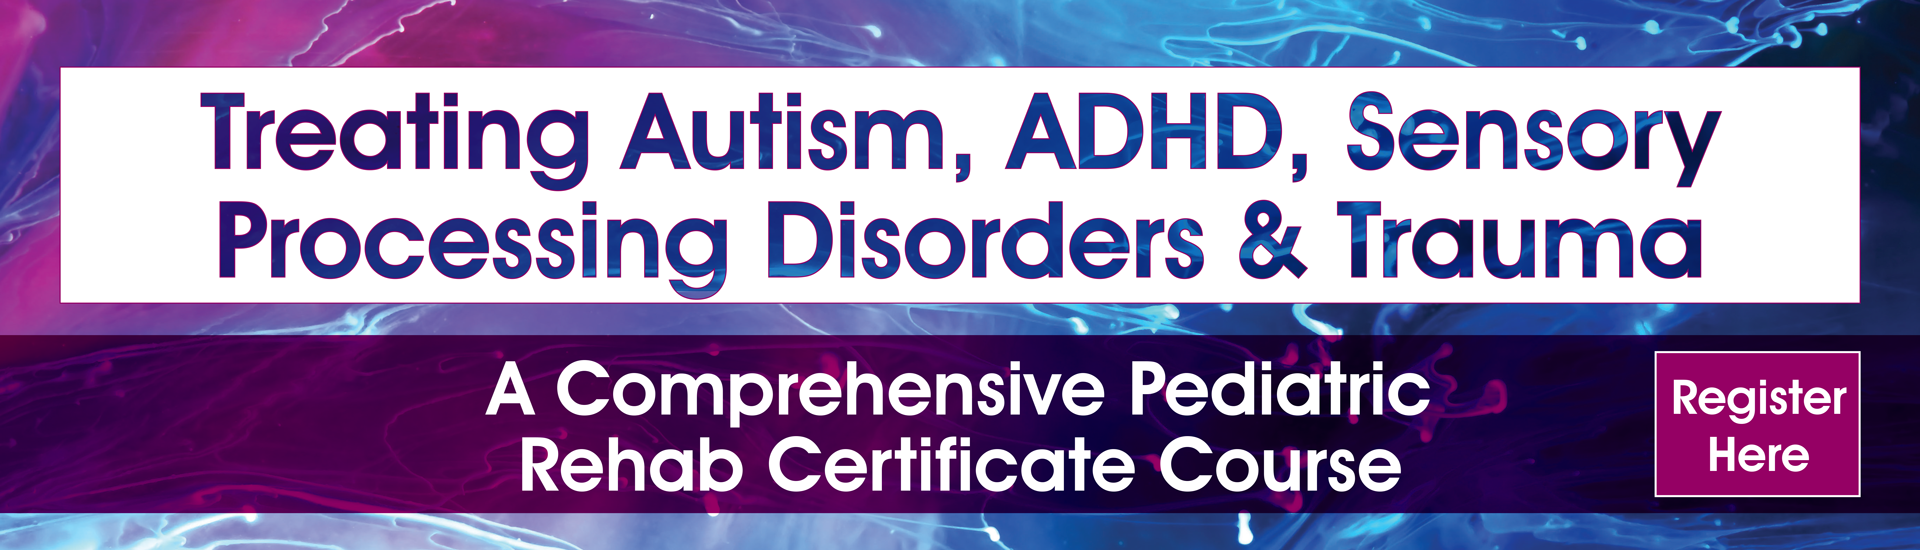 Treating Autism, ADHD, Sensory Processing Disorders & Trauma: A Comprehensive Pediatric Rehab Certificate Course
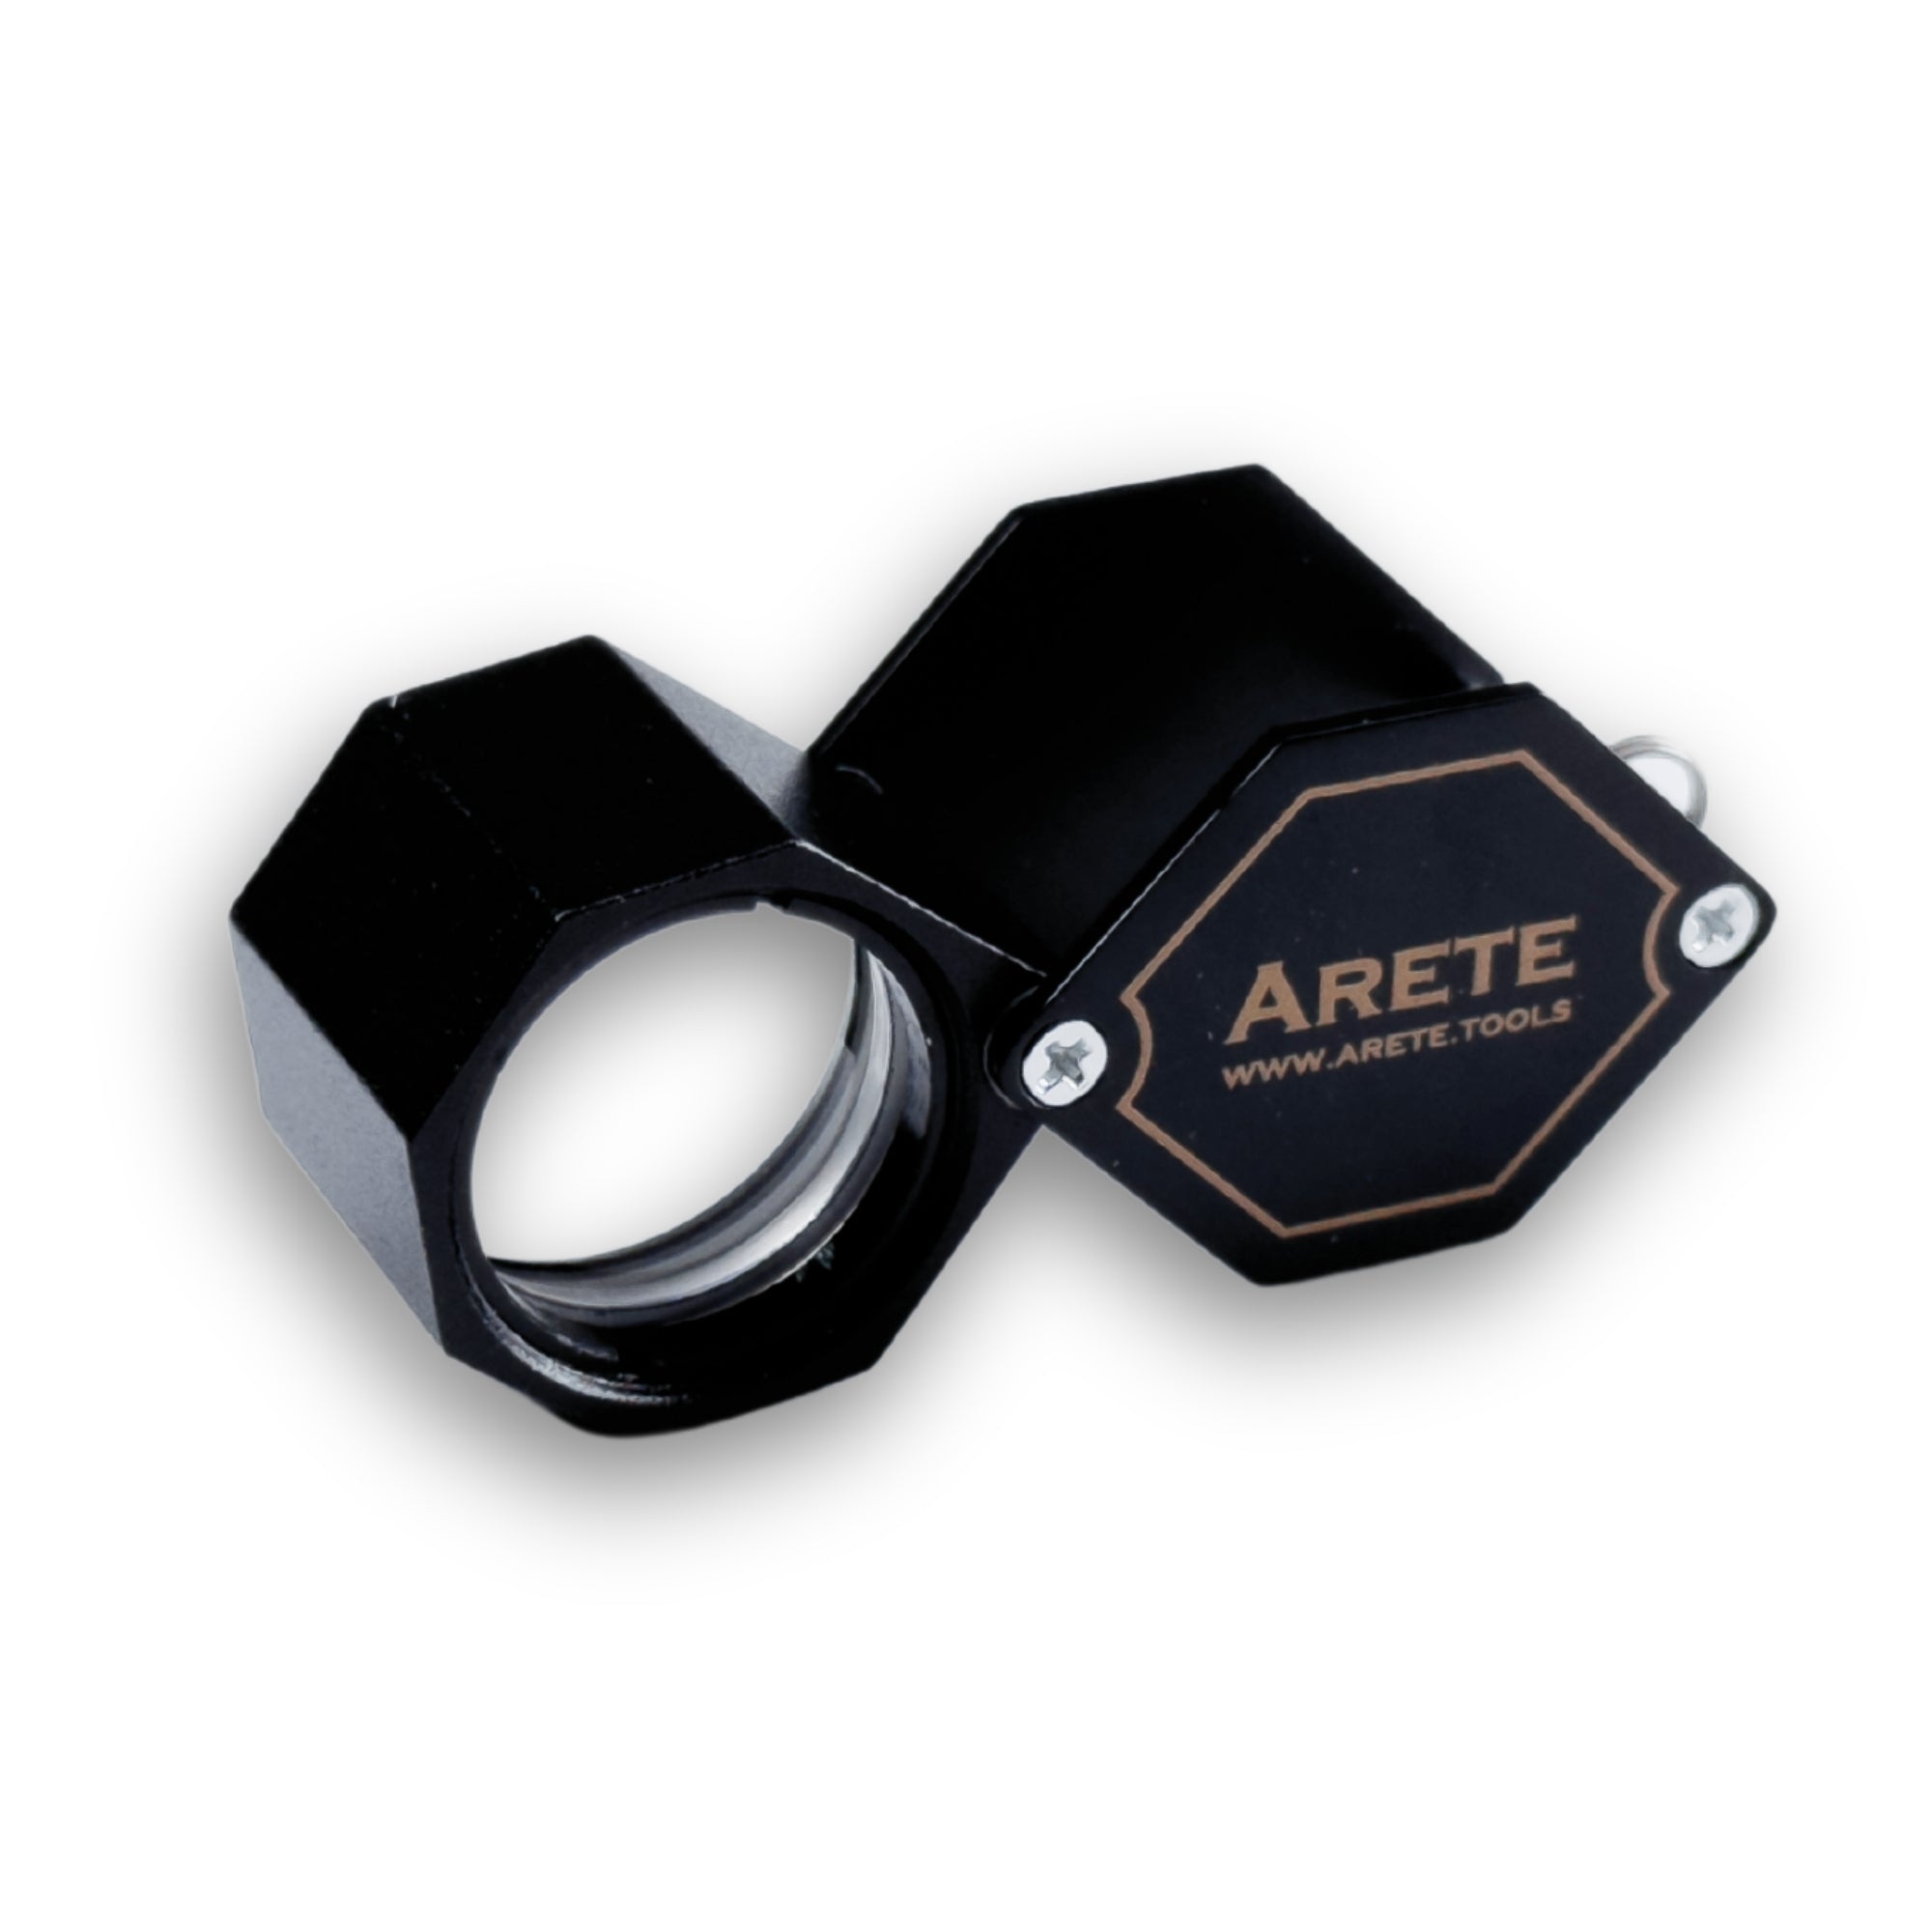 Arete jewelry loupe black 10x 20.5 mm
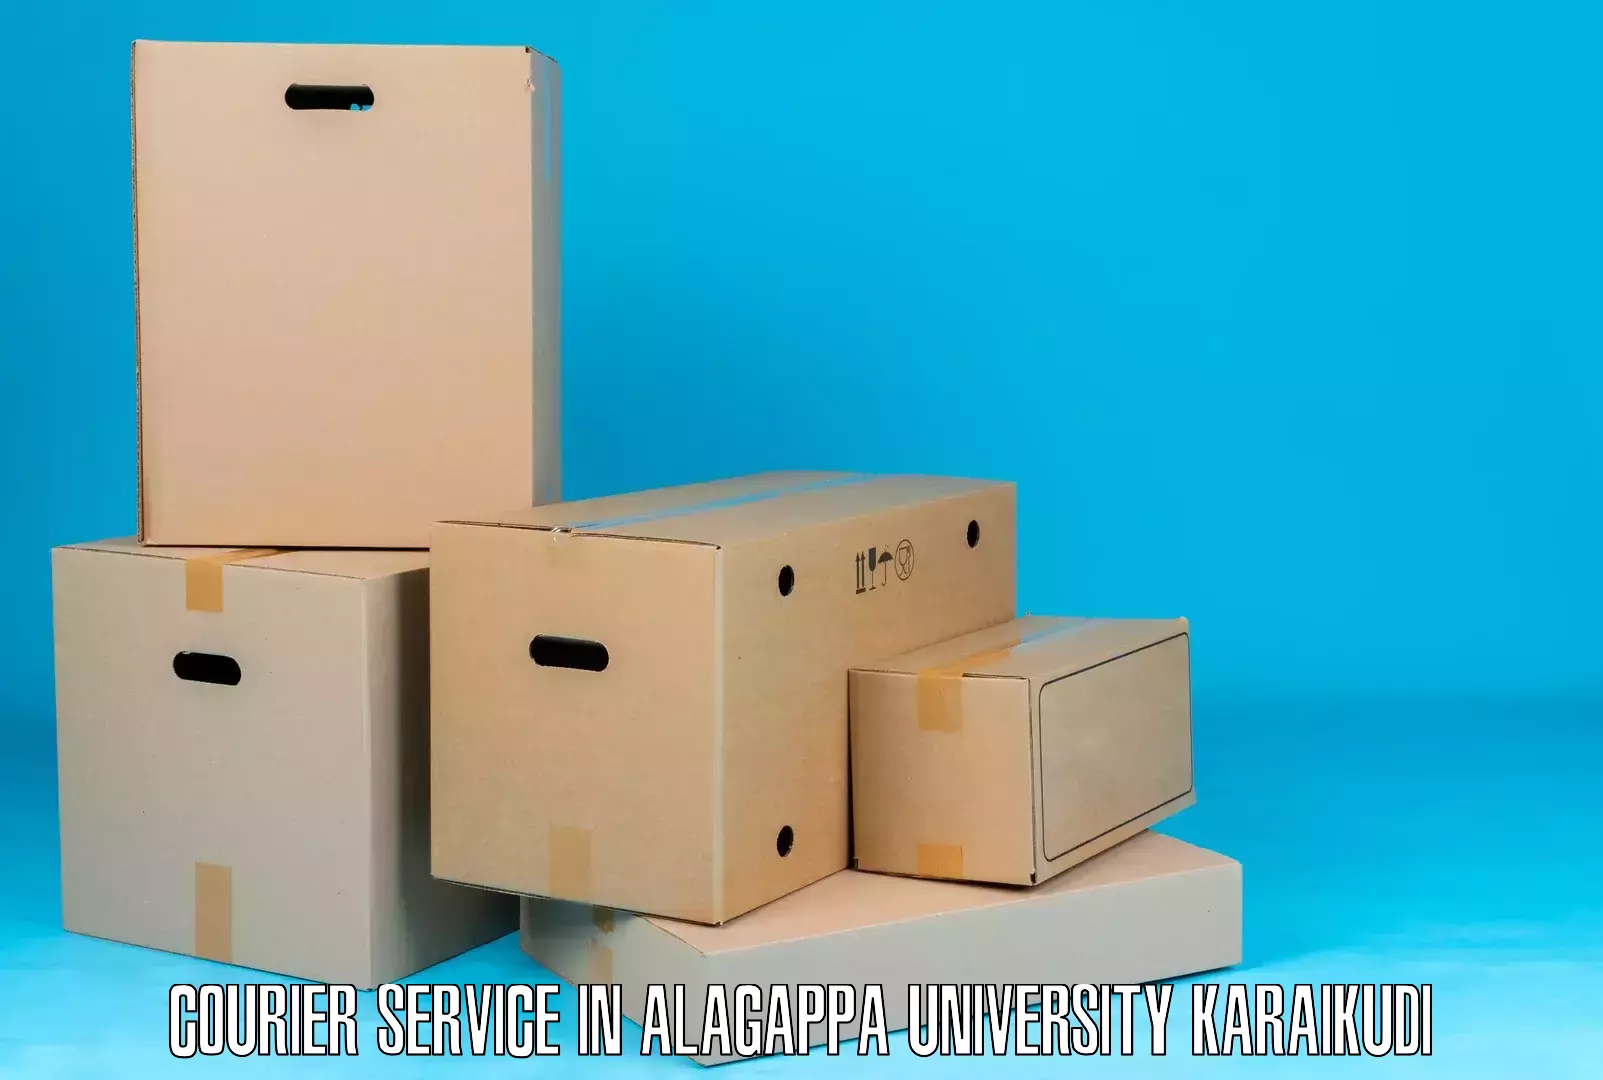 End-to-end delivery in Alagappa University Karaikudi

◆ **Aim of the task**
Print only the lines running from the line that contains "Arete jewelry loupe black 10x 20.5 mm" to the final line of the listing, both included. Omit every picture.

◆ **Output**
 Arete jewelry loupe black 10x 20.5 mm
 End-to-end delivery in Alagappa University Karaikudi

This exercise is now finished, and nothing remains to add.